Similarly, Figure 12 shows the evolution of Young’s modulus of RVP along the stem at the end of the three-point bending test. It is clear that Young’s modulus evolves from the center to the periphery in any cross section along the stem. The values obtained are between 1.02 GPa and 4.20 GPa, and the highest values are at the base of the stem (PL-1/4). They are more important than Young’s modulus of some wood species [42].


Figure 12 
Distribution of Young’s modulus in the bending test of RVP along the stem.

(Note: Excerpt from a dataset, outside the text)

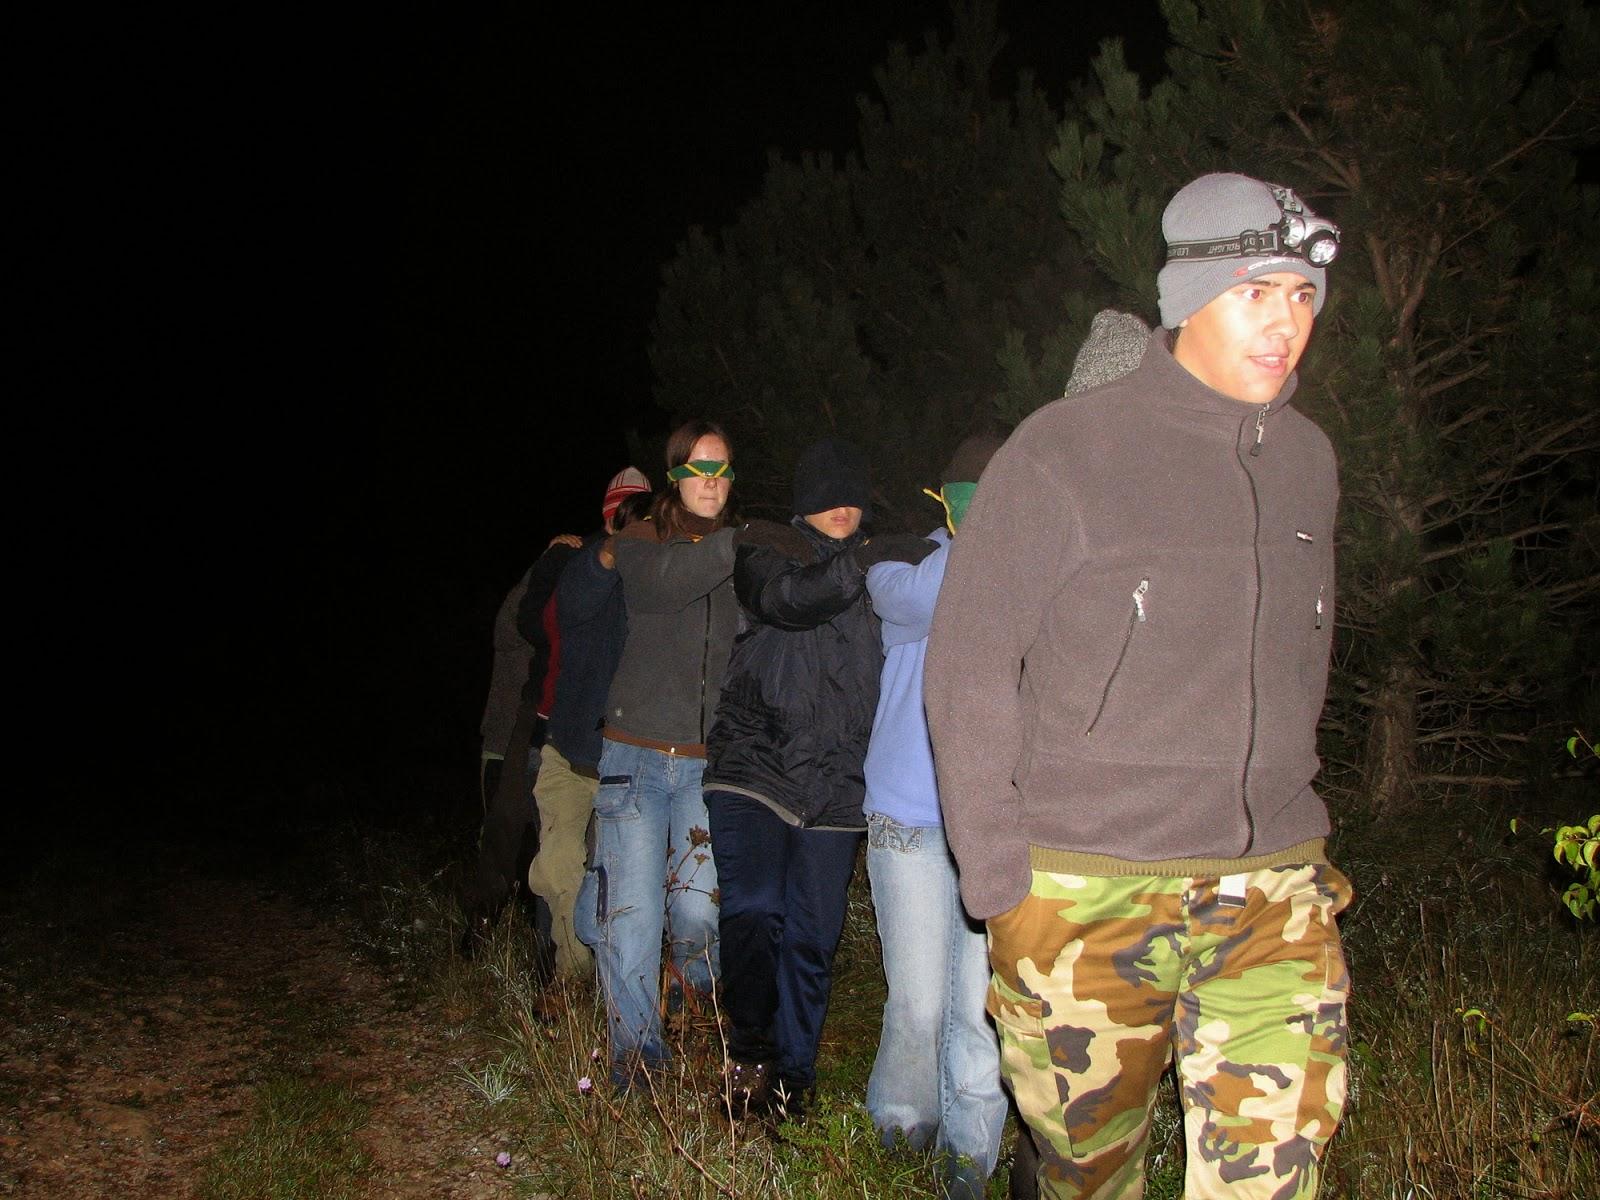 Prehod PP, Ilirska Bistrica 2005 - picture%2B062.jpg
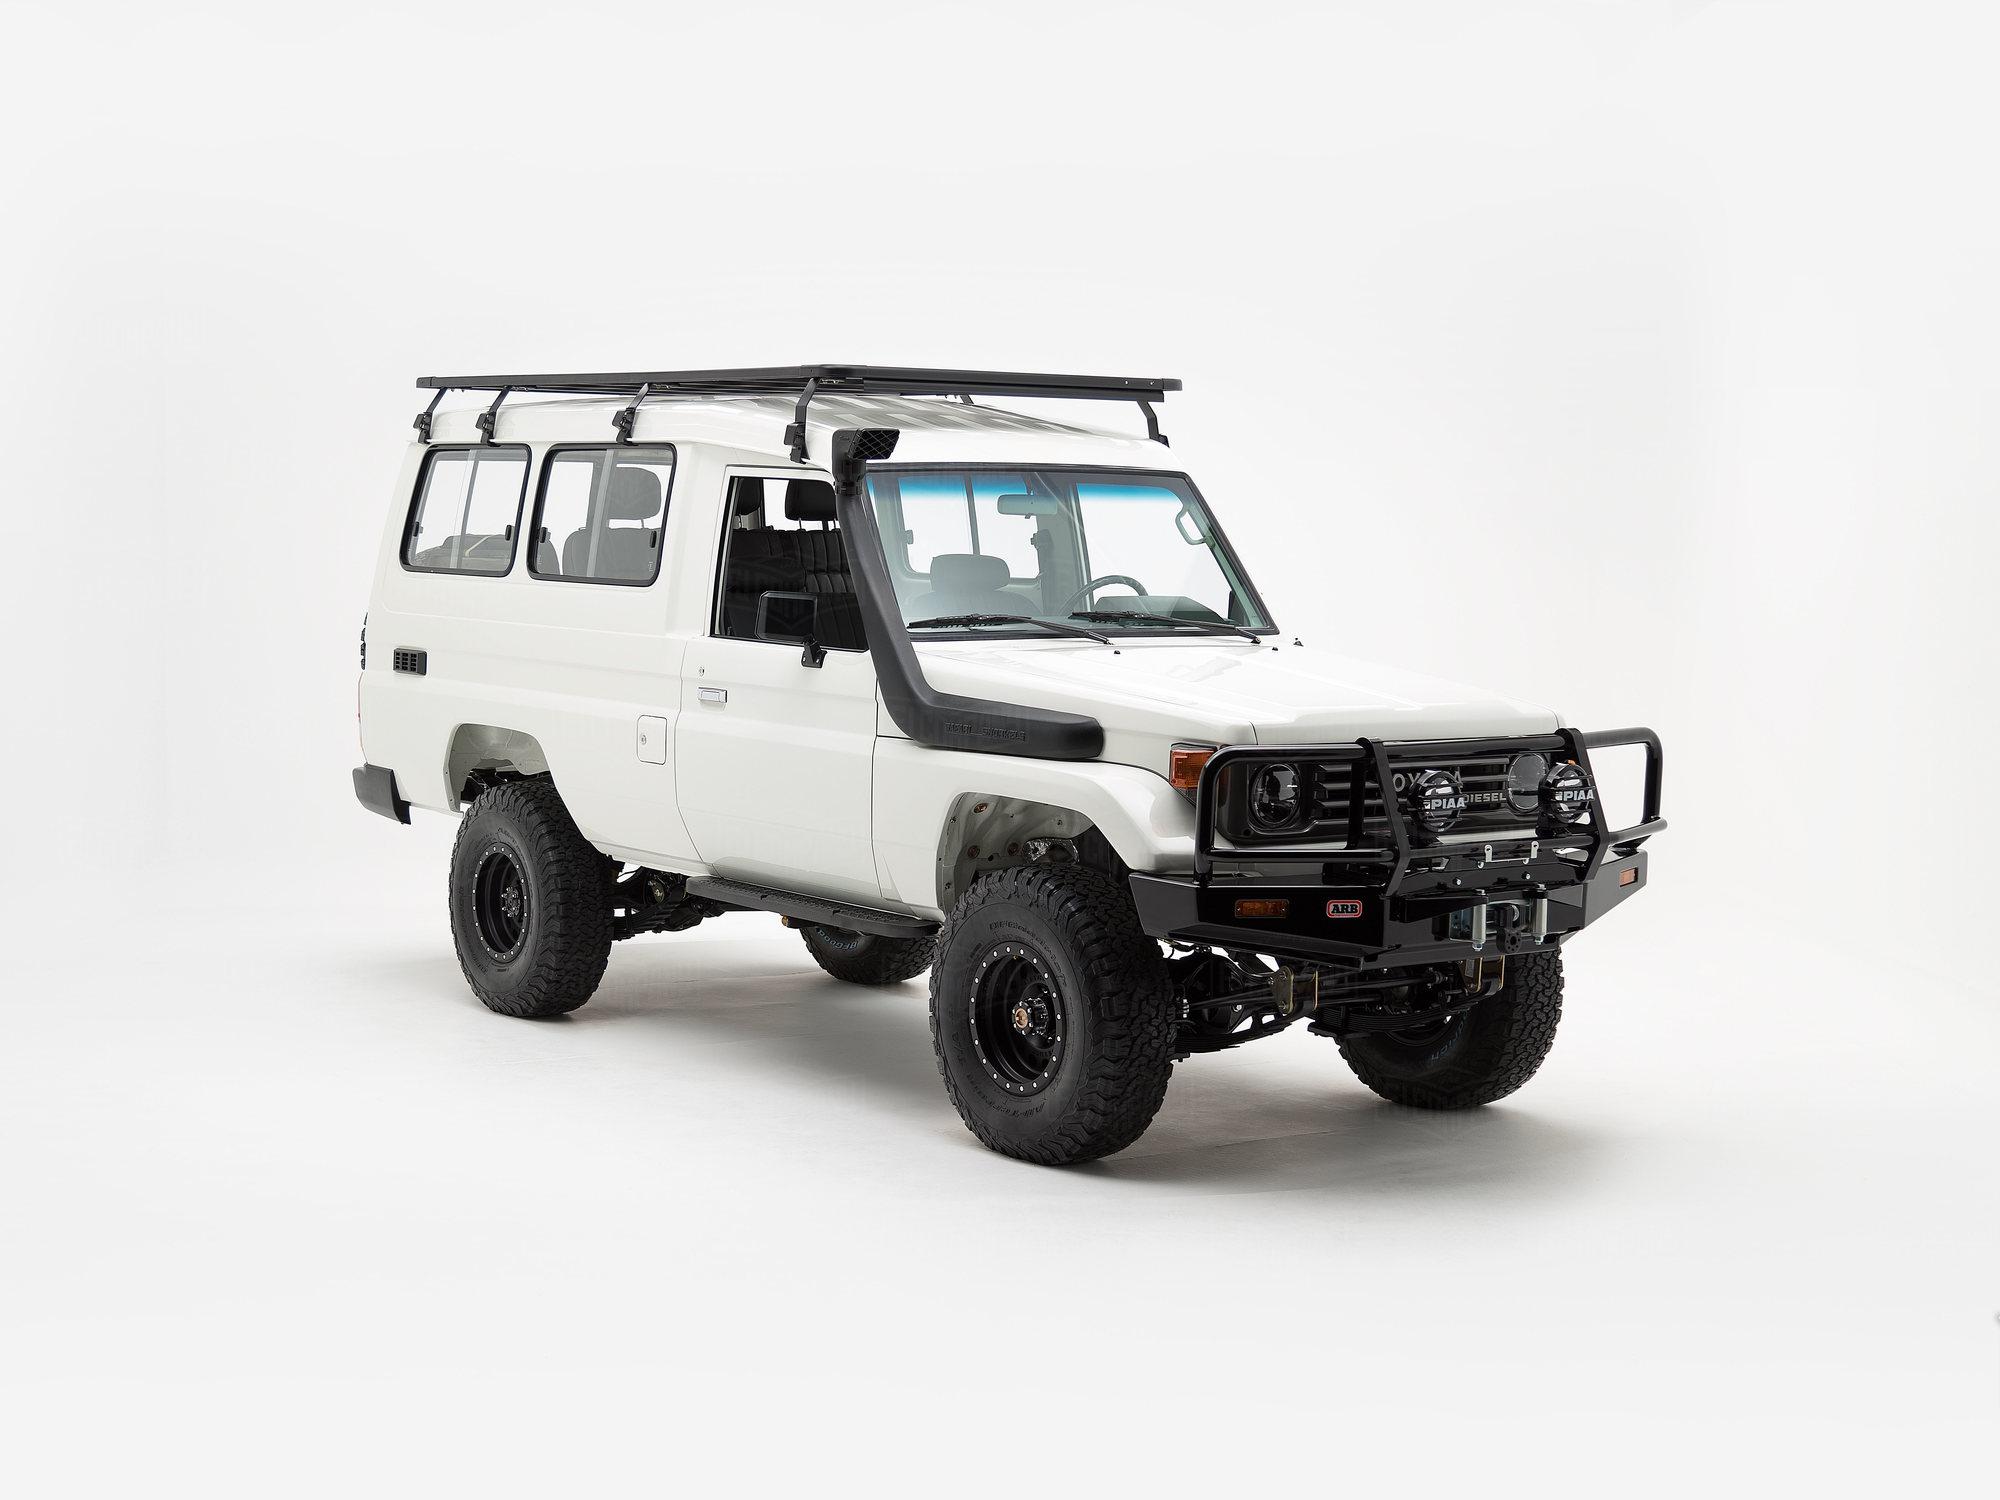 Toyota Dealer Miami >> 1992 HZJ75 - White - HZJ75-0008063

Table 2 regroups the values of physical and mechanical properties of some polymers, wood species, and materials derived from the RV plant. We noted that Young’s modulus is higher in flexion than in tensile tests. We observed that RVP has Young’s modulus comparable to some wood varieties. Moreover, the specific mechanical properties show that RVP is more resistant than some wood species given in Table 2. Similarly, the RVP matrix has Young’s modulus value in the same order as that of the polymer matrix. Also, it has one of the lowest densities, conferring its high specific mechanical properties. It emerges that the physical and mechanical properties of the matrix resulting from the RVP may allow us to better consider the choice of the matrix to be used in the development of biodegradable composites based on RV fibers which would have better resistance in mechanical behavior and environment aspect.

4. Conclusion

In this study, the physicochemical and mechanical characterization of RVP is investigated. Samples were taken from twelve sampling zones along the stem and were characterized using the following techniques: the observation of images using an optical microscope and ImageJ software, SEM for chemical element analysis, Archimedes’ principle for bulk density determination, and tensile tests and three-point bending tests for Young’s modulus determination. The conclusion of these experiments is as follows:(i)Surface fraction values of RV fibers evolve from the center to the periphery in the radial position and vary between 35.80% and 54.50%.(ii)RVP is constituted essentially of carbon (C) and oxygen (O) with a percentage of mass, respectively, in the intervals 51%–57% and 41%–48%.(iii)The bulk density values of RVP and RVP matrix increase from center to periphery and range, respectively, from 0.114 g/cm3 to 0.343 g/cm3 and 0.10 g/cm3 to 0.46 g/cm3.(iv)Young’s modulus of RVP and RVP matrix rises from the center to the periphery and varies, respectively, in the intervals 0.79 GPa–3.23 GPa and 1.20 GPa–5.50 GPa.(v)Young’s modulus resulting from three-point bending tests for the RVP sample is enhanced from the center to the periphery of any cross section. The values ranged between 1.02 GPa and 4.20 GPa.(vi)Finally, the results obtained show that composites can be made based on RV fibers by observing the bulk density and Young’s modulus of the RVP matrix which are comparable to polymer in order to make a better choice of matrix. In this perspective, we can consider the development of biocomposites based on RV fibers and the study of thermal properties of RVP.

Data Availability

The data used to support the findings of this study are available from the corresponding author upon request.

Conflicts of Interest

The authors declare that they have no conflicts of interest.

Acknowledgments

The authors would like to thank the Laboratory of Textile Physics and Mechanics (LPMT), University of Haute-Alsace, France, for the help on the analysis of the fibers by the SEM (Jeol) and also for the dynamic tensile tests with the tensile machine (MTS 20/M) in this work.